What is link equity in SEO?

Link equity (also known as 'link juice') refers to the value or authority passed from one page to another through links. This transferred value is commonly referred to as link equity.

When a page links to another page, some of its authority is transferred through that link. Pages with higher authority generally pass more equity than low-quality or weak pages.

Link equity is influenced by factors such as the authority of the linking page, the number of outgoing links on that page, and where the link appears within the content. Internal linking and backlinks (see what is a backlink in seo?) both contribute to how link equity flows through a website.

Managing link equity effectively helps prioritise important pages and improve overall site performance in search results.

Link Juice Explained

Link equity (often called “link juice” or “SEO equity”) is the idea that links help transfer authority and importance from one page to another. Search engines use links to understand which pages are trusted, which pages matter, and how authority should flow through the web and through your own site.

A useful way to think about link equity is: a page has a limited amount of “voting power”, and each followed link from that page can pass a share of that power to the pages it links to. That’s why a single link from a strong, well-linked page can move the needle more than a large number of weak links.

Link equity is closely related to PageRank-style systems. Link equity is the value that moves through a link, while PageRank is the resulting importance score a page accumulates based on the links pointing to it.

What affects how much link equity a link passes

Not all links pass the same value. Link equity depends on practical factors like:

  • Strength of the linking page – a link from a page with real authority and visibility usually passes more value than a link from a thin page nobody links to.
  • Where the link sits – links in the main body content usually count more than sidebar, footer, or boilerplate links.
  • How many other links are on the page – a page linking to 5 URLs can pass more per link than a page linking to 500 URLs.
  • Crawlability and indexation – pages that aren’t crawlable or indexable generally won’t pass meaningful equity, and links that search engines don’t treat as “followed” may not pass equity in the first place.
  • Anchor text and surrounding context – descriptive anchor text and relevant surrounding copy help search engines understand what the linked page is about, which can influence how the link is interpreted.
  • Topical alignment – links that make sense in context (to users and to the topic) are typically stronger than random or forced links.

Internal vs external link equity

Both backlinks (external links from other sites) and internal links (links within your site) can pass equity.

Backlinks are how authority enters your site from the broader web.

Internal linking is how you distribute that authority to the pages you want to rank – especially your hub pages and money pages.

This is why site structure matters. You can earn great links and still underperform if your internal linking doesn’t direct that equity to the right pages.

“Link juice example” (simplified)

If Page A is a strong page and it links to Page B in the middle of the content, Page B can benefit.

If Page A links out to hundreds of pages (or the link is buried in boilerplate), the equity passed to any single target tends to be weaker.

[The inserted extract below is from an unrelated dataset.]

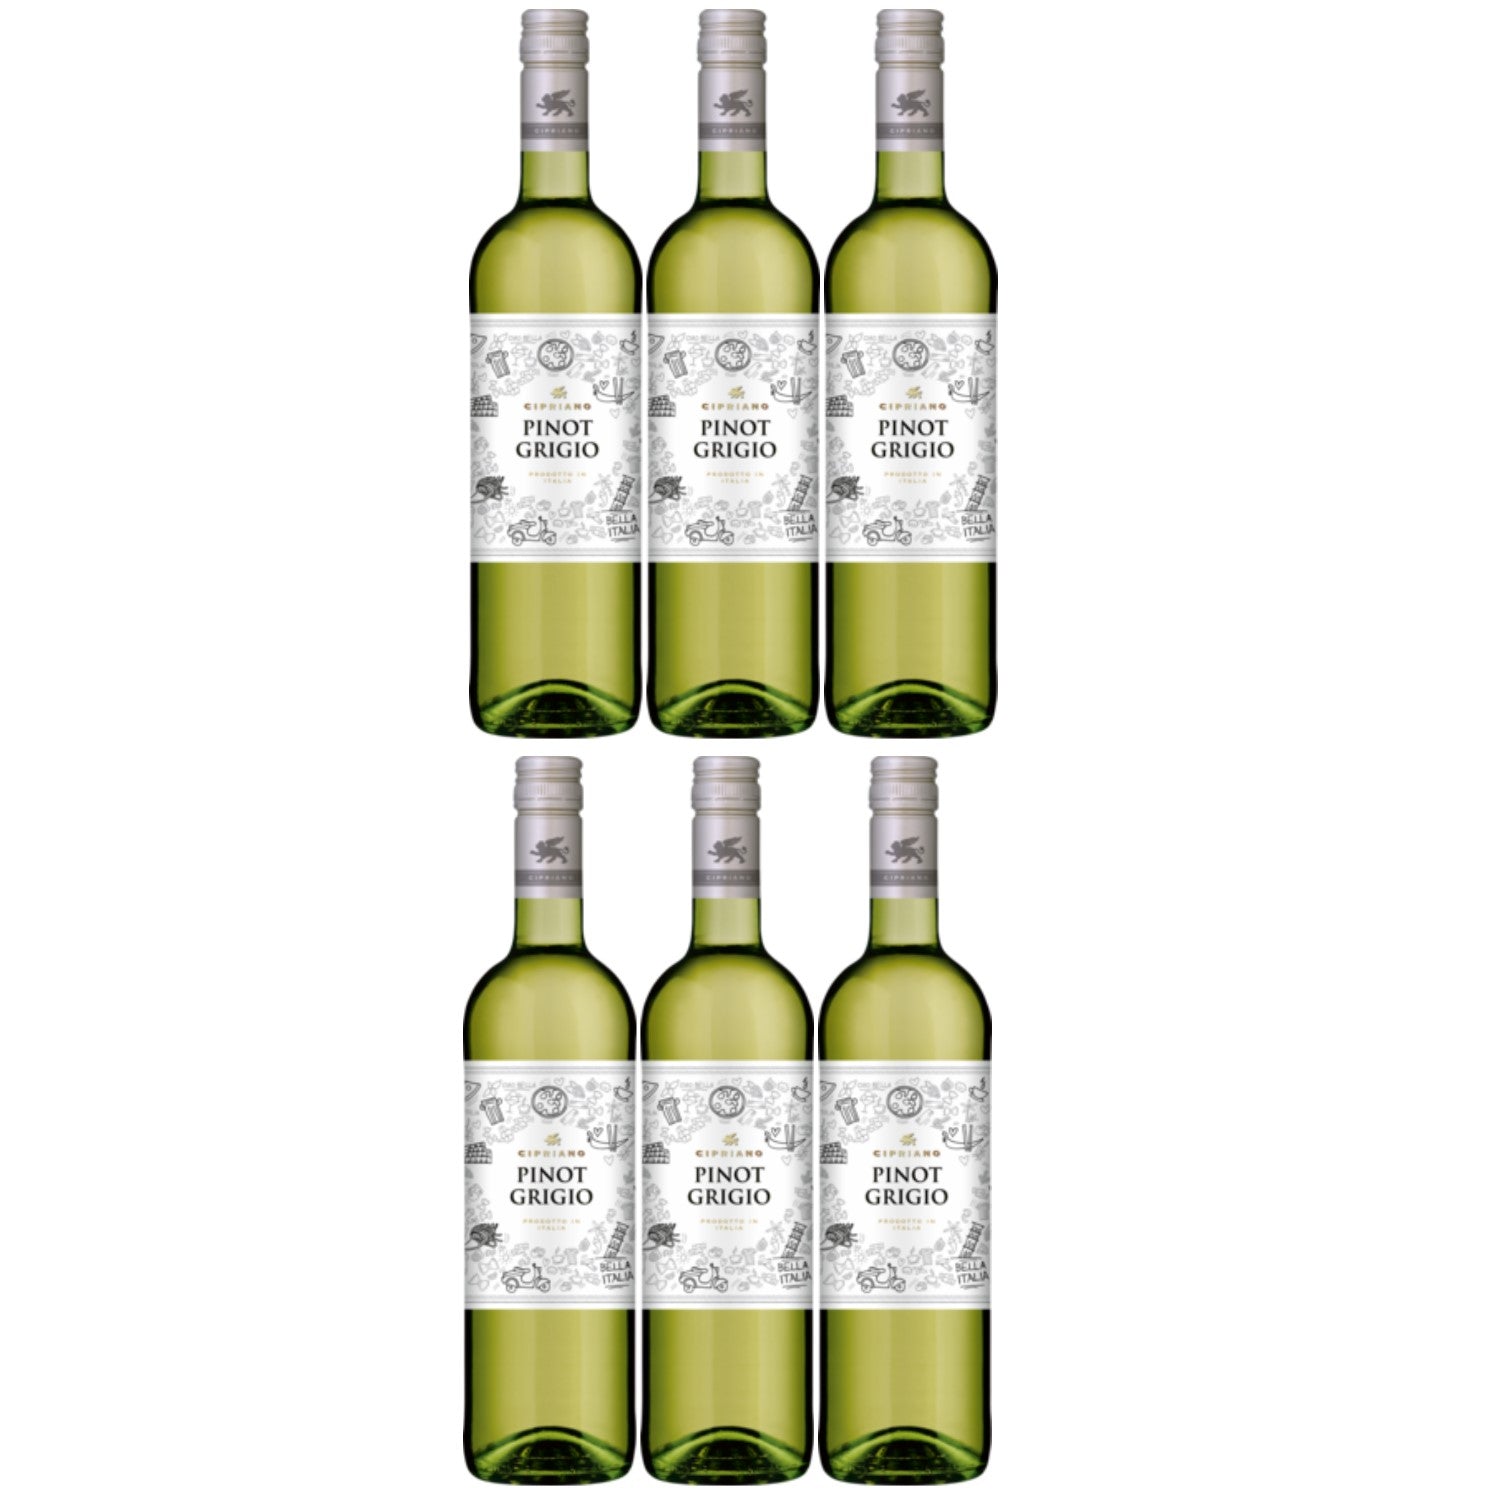 Cipriano Pinot Grigio Venezie Weißwein italienischer Wein trocken DOC Italien (6 x 1.0l) - Versanel -

It’s not a perfect math you can measure precisely, but the principle is consistent: stronger sources + fewer competing links + better link placement = more value passed.

Link exchanges and link equity (what to avoid)

Link exchange usually means “you link to me and I’ll link to you.” That can happen naturally, but organised link exchange sites and systematic link swapping can grow into a footprint of link manipulation.

The risk here is that you end up building a link profile that “looks” artificial or unnatural. However, it’s important to also realise that there is a big difference between “spammy looking links” and actual manipulation or “link spam”.

Another approach is to earn links by publishing genuinely useful content, building relationships with outreach, and using internal linking on your own website to make sure the link equity you do earn ends up supporting the right pages.